I'd start with soup. Then add cw. But very little. It puts up really fast.


Sent from my iPad using Discuss Cooking


----------



## Cheryl J (Nov 2, 2015)

I've never heard of it, either.  We had it similar to what Kayelle mentioned, with milk, sugar, and butter, and sometimes cinnamon. 

I'd follow Charlie's suggestion and add the cream of wheat to your warmed up cream of mushroom soup.


----------



## cinisajoy (Nov 2, 2015)

Heat up the soup and put no more than 4 tablespoons cream of wheat.


----------



## Dawgluver (Nov 2, 2015)

This is a new one on me too.  We ate it with milk and brown sugar.


----------



## CharlieD (Nov 2, 2015)

CharlieD said:


> I'd start with soup. Then add cw. But very little. It puts up really fast.



I wish we did not have that silly time limit on editing. I meant to say "Puffs"  up.
You'd have experiment with how much CW to add, until you get right consistency. 4 table spoons sound like way too much.


----------



## cinisajoy (Nov 2, 2015)

CharlieD said:


> I wish we did not have that silly time limit on editing. I meant to say "Puffs"  up.
> You'd have experiment with how much CW to add, until you get right consistency. 4 table spoons sound like way too much.


According to the box, it is 3 tablespoons per cup of liquid.


----------



## Cheryl J (Nov 2, 2015)

I knew what you meant, Charlie.   For one can of soup, 4 TBLSP of Cream of Wheat sounds like way too much to me, too.


----------



## cinisajoy (Nov 2, 2015)

Additional information a can of cream of mushroom soup is 10.5 ounces.


----------



## Mike1951 (Nov 2, 2015)

Thanks to all!

Actually, 4 tbsp sounds like an excellent starting point, based on:

10.5 oz soup + 10.5 oz water or milk = 21 oz or 2.6 cups

Allowing for some solids in the soup not present in plain liquid, the amount suggested for 2 cups of water is 1/3 cup or 5.3 tbsp.

Not wanting to add another variable trying to do this in the microwave, I ordered an 1100 watt hot plate and a saucepan.

I should be able to try this by the weekend.

Again, I appreciate everyone's input.


----------



## blissful (Nov 2, 2015)

There is a dish made by both sides of the family.
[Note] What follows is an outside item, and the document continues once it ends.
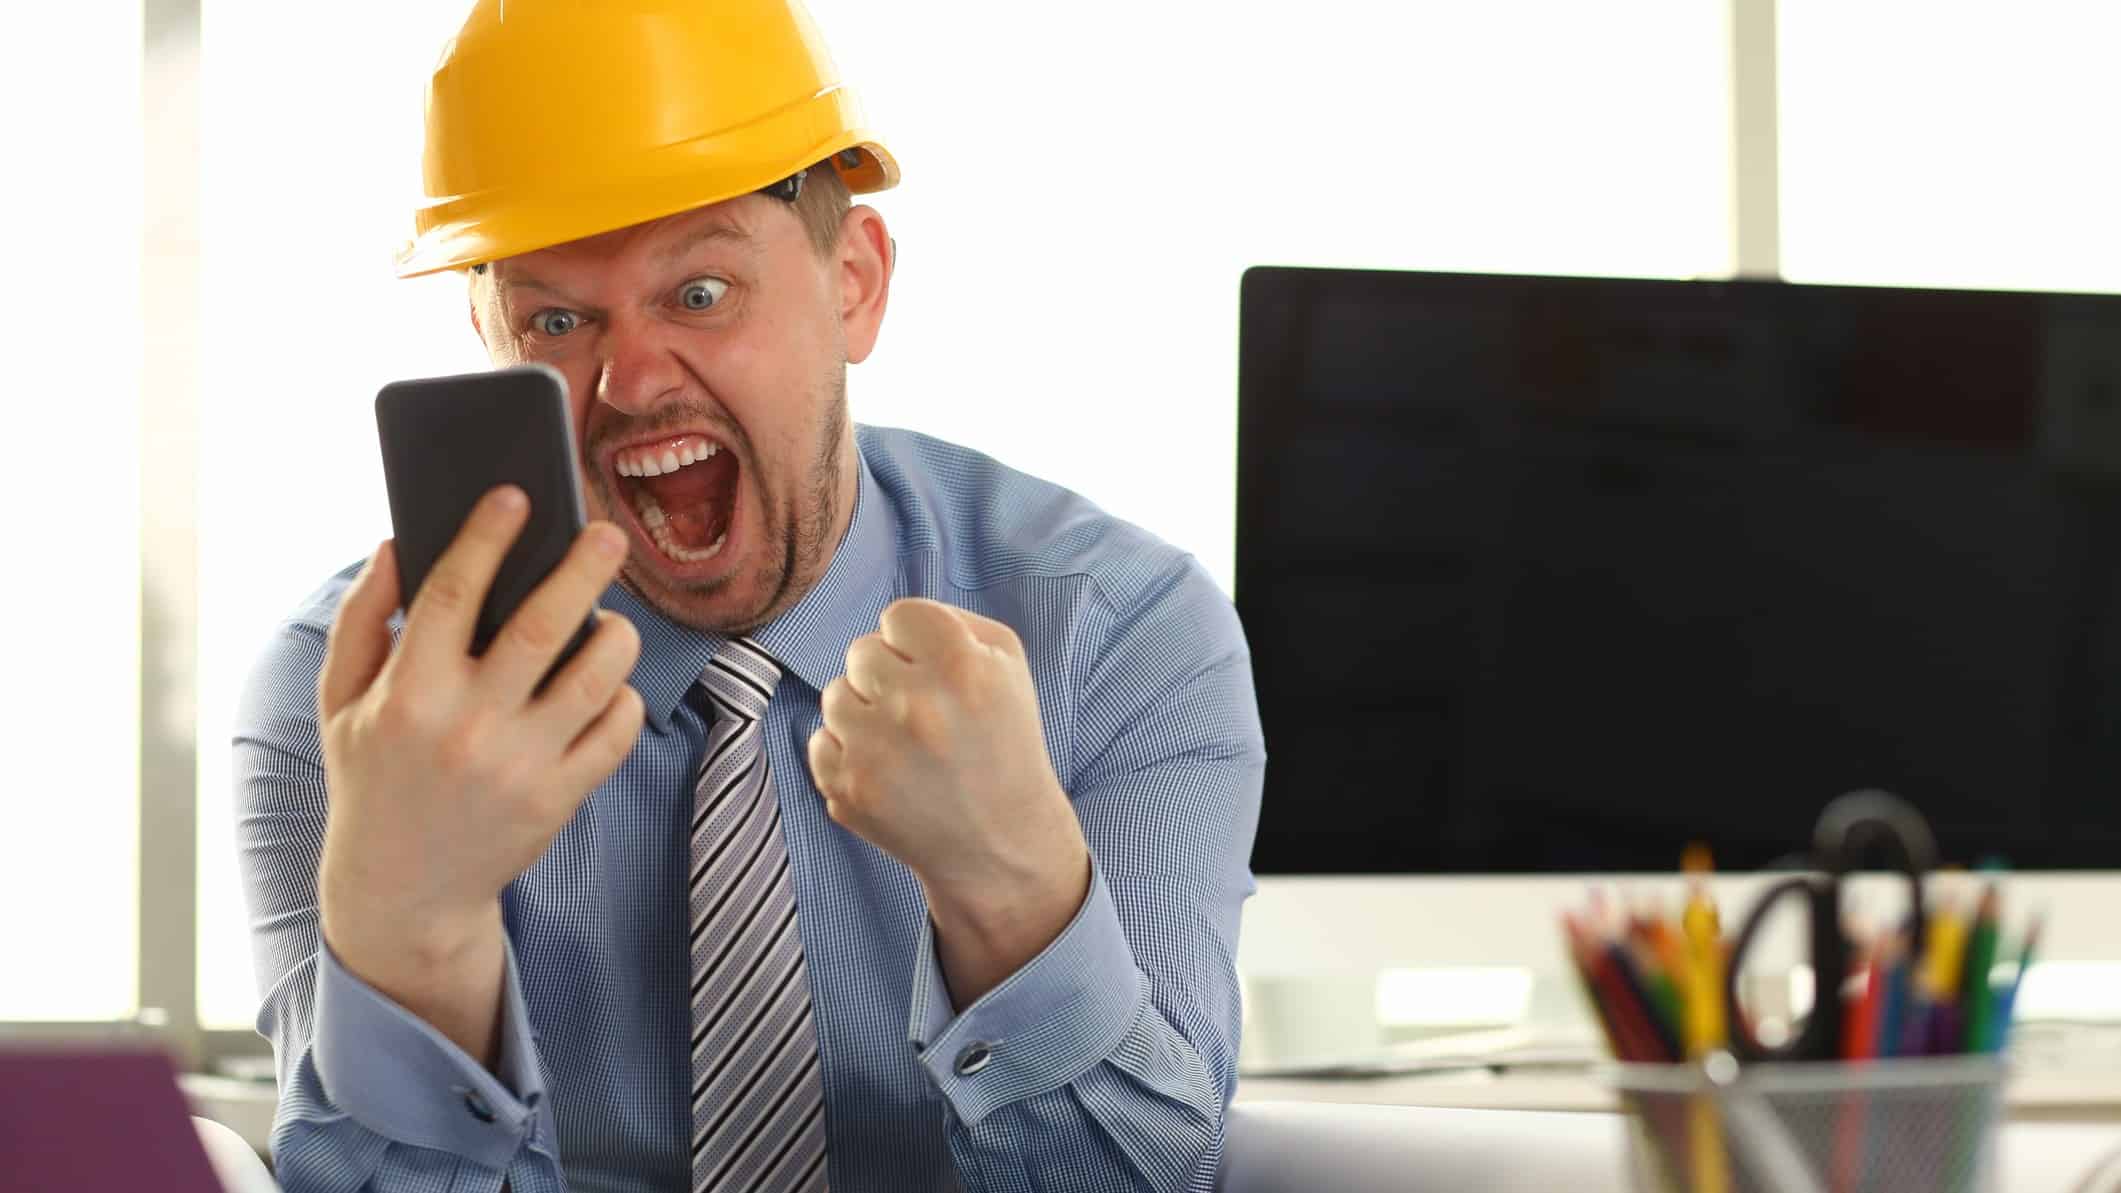 Boral share price ASX investor wearing a hard hat looking excitedly at a mobile phone representing rising iron ore price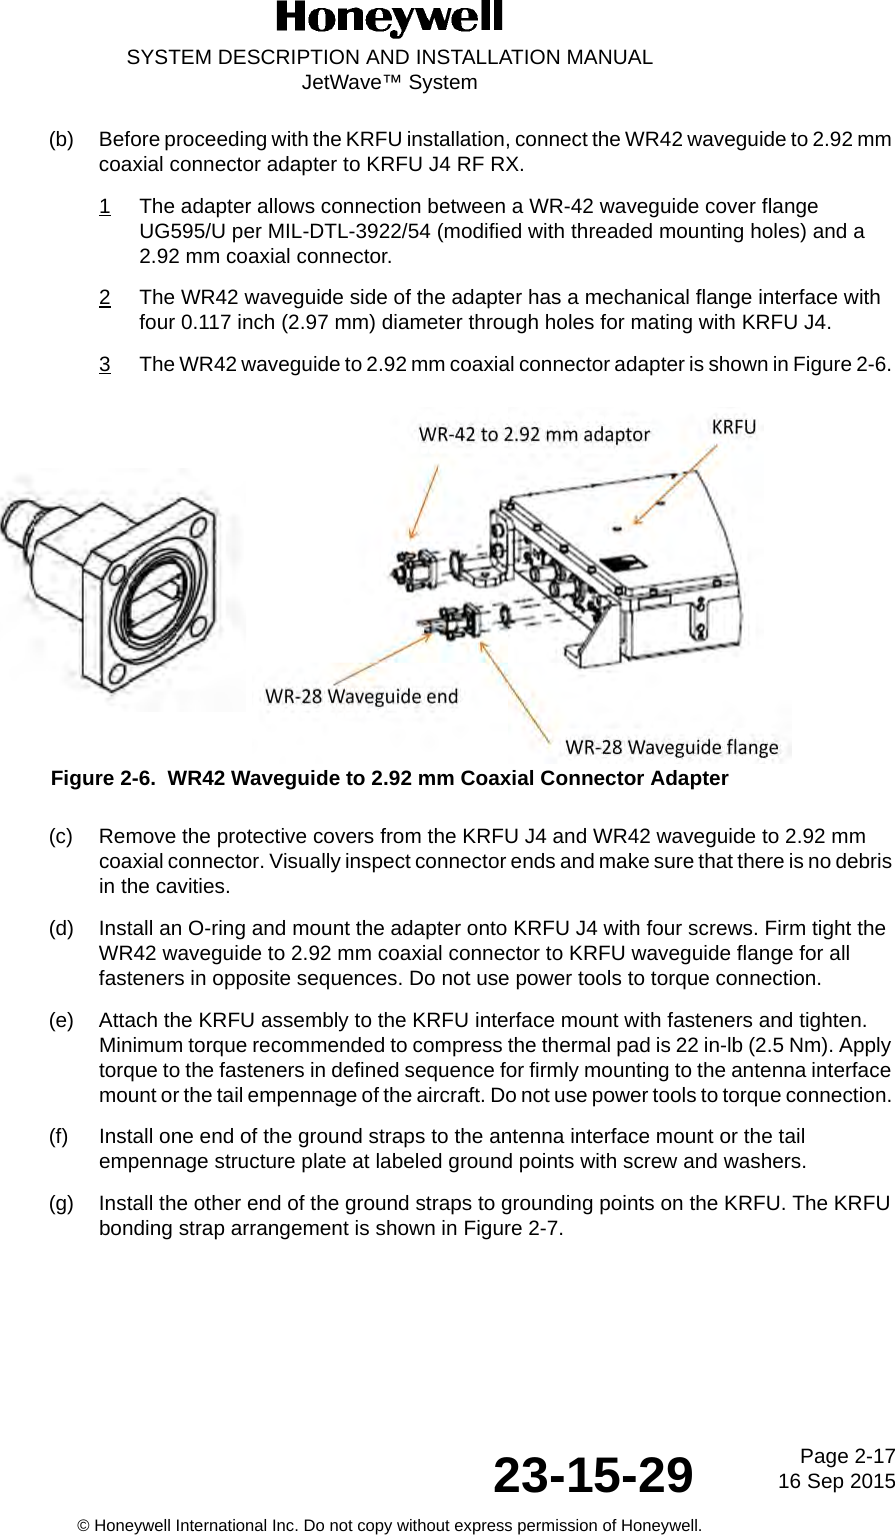 Page 2-17 16 Sep 201523-15-29SYSTEM DESCRIPTION AND INSTALLATION MANUALJetWave™ System© Honeywell International Inc. Do not copy without express permission of Honeywell.(b) Before proceeding with the KRFU installation, connect the WR42 waveguide to 2.92 mm coaxial connector adapter to KRFU J4 RF RX. 1The adapter allows connection between a WR-42 waveguide cover flange UG595/U per MIL-DTL-3922/54 (modified with threaded mounting holes) and a 2.92 mm coaxial connector. 2The WR42 waveguide side of the adapter has a mechanical flange interface with four 0.117 inch (2.97 mm) diameter through holes for mating with KRFU J4. 3The WR42 waveguide to 2.92 mm coaxial connector adapter is shown in Figure 2-6. Figure 2-6.  WR42 Waveguide to 2.92 mm Coaxial Connector Adapter(c) Remove the protective covers from the KRFU J4 and WR42 waveguide to 2.92 mm coaxial connector. Visually inspect connector ends and make sure that there is no debris in the cavities. (d) Install an O-ring and mount the adapter onto KRFU J4 with four screws. Firm tight the WR42 waveguide to 2.92 mm coaxial connector to KRFU waveguide flange for all fasteners in opposite sequences. Do not use power tools to torque connection. (e) Attach the KRFU assembly to the KRFU interface mount with fasteners and tighten. Minimum torque recommended to compress the thermal pad is 22 in-lb (2.5 Nm). Apply torque to the fasteners in defined sequence for firmly mounting to the antenna interface mount or the tail empennage of the aircraft. Do not use power tools to torque connection. (f) Install one end of the ground straps to the antenna interface mount or the tail empennage structure plate at labeled ground points with screw and washers. (g) Install the other end of the ground straps to grounding points on the KRFU. The KRFU bonding strap arrangement is shown in Figure 2-7. 

One side makes it sweet (sugar, fruit), the other side makes it savory (salt butter, broth).
Mocnik--slovanian
Recept - Slovenian porridge – Mocnik

It is pronounced 'Mooch-nick'. The mushroom cream-cream of wheat sounds very similar.


----------



## Chief Longwind Of The North (Nov 3, 2015)
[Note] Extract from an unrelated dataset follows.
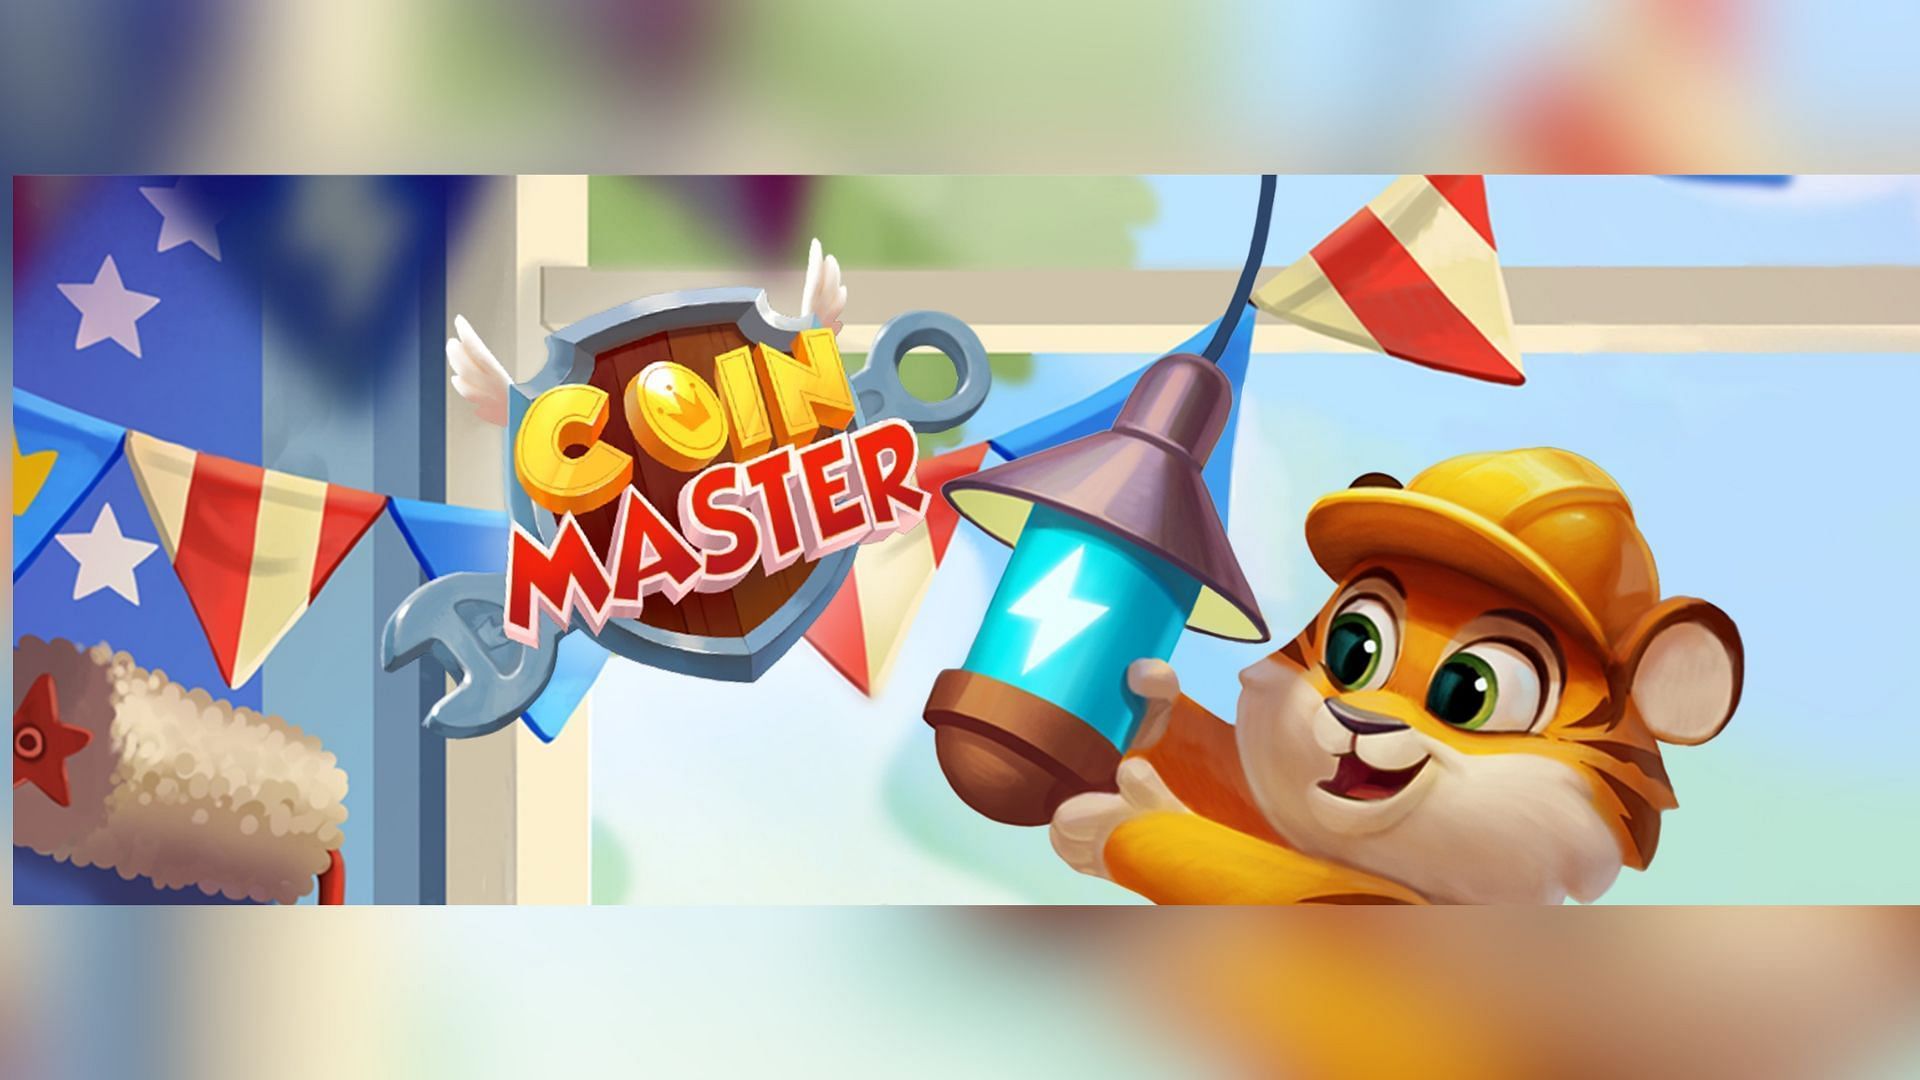 You can redeem daily links and get free spins daily (Image via Moon Active)

I would make the cream of wheat first, to get the texture right, and use milk as the liquid.  Very little seasoning would be required as the soup has enough salt in it.  Make the cream of wheat a little runny by adding extra milk after it's cooked.  Then add the cream of mushroom soup.

Trying to add just the right amount of the farina (cream of wheat) to the soup is trick as not all of the water in the soup is available to the farina.  Much of it is bound into the starches used to thicken the soup.  By making the farina first, you are assured of the proper texture, and you can remove some of the hot cereal if needed so that you can control how much goes into the soup.  The ratio of soup to farina can more easily be controlled to get the results you're looking for.  You might also add some sliced celery to your recipe to add more flavor, but again, not too much, maybe half of a stalk.

Hope this helps.

Seeeeeeeeya; Chief Longwind of the North


----------



## Mike1951 (Nov 3, 2015)

Chief Longwind Of The North said:


> I would make the cream of wheat first, to get the texture right, and use milk as the liquid.  Very little seasoning would be required as the soup has enough salt in it.  Make the cream of wheat a little runny by adding extra milk after it's cooked.  Then add the cream of mushroom soup.
> ......
> Hope this helps.
> 
> Seeeeeeeeya; Chief Longwind of the North



Thanks, Chief.

Since I can't remember how Mom made hers, I'll try both methods.

After all, the ingredients are cheap, and the results, hopefully, will still be edible.

There is also the possibility that she didn't reduce the condensed soup at all or used less water/milk when mixing it with cream of wheat. Other variables to consider.


----------



## Mike1951 (Nov 6, 2015)

OK, today I tried heating the reduced soup and then adding the cream of wheat. It took five tablespoons to thicken.

The mistake I made was adding the 1/4 teaspoon of salt called for in the C of W directions, causing it to be too salty.

Otherwise, it wasn't bad, but not like I remember.

In the next few days, I'll try Chief's suggestion. I'll prepare the cream of wheat and then add the un-reduced soup. I won't be adding any salt this time, as there should be plenty in the soup.


----------



## Juliewestphal8 (Sep 11, 2017)

I'm no help either but an awesome tip when making C of W for breakfast is to add a splash of vanilla and then your other toppings. So much better. We called it hot ice cream at the bible camp where i used to volunteer in the kitchen!!


----------



## CharlieD (Sep 13, 2017)

Juliewestphal8 said:


> I'm no help either but an awesome tip when making C of W for breakfast is to add a splash of vanilla and then your other toppings. So much better. We called it hot ice cream at the bible camp where i used to volunteer in the kitchen!!



Outside of the fact that this thread died 2 years ago, Vanilla and cream of mushroom soup is hardly a good mix. 

But definitely ok with cream of wheat by itself.


----------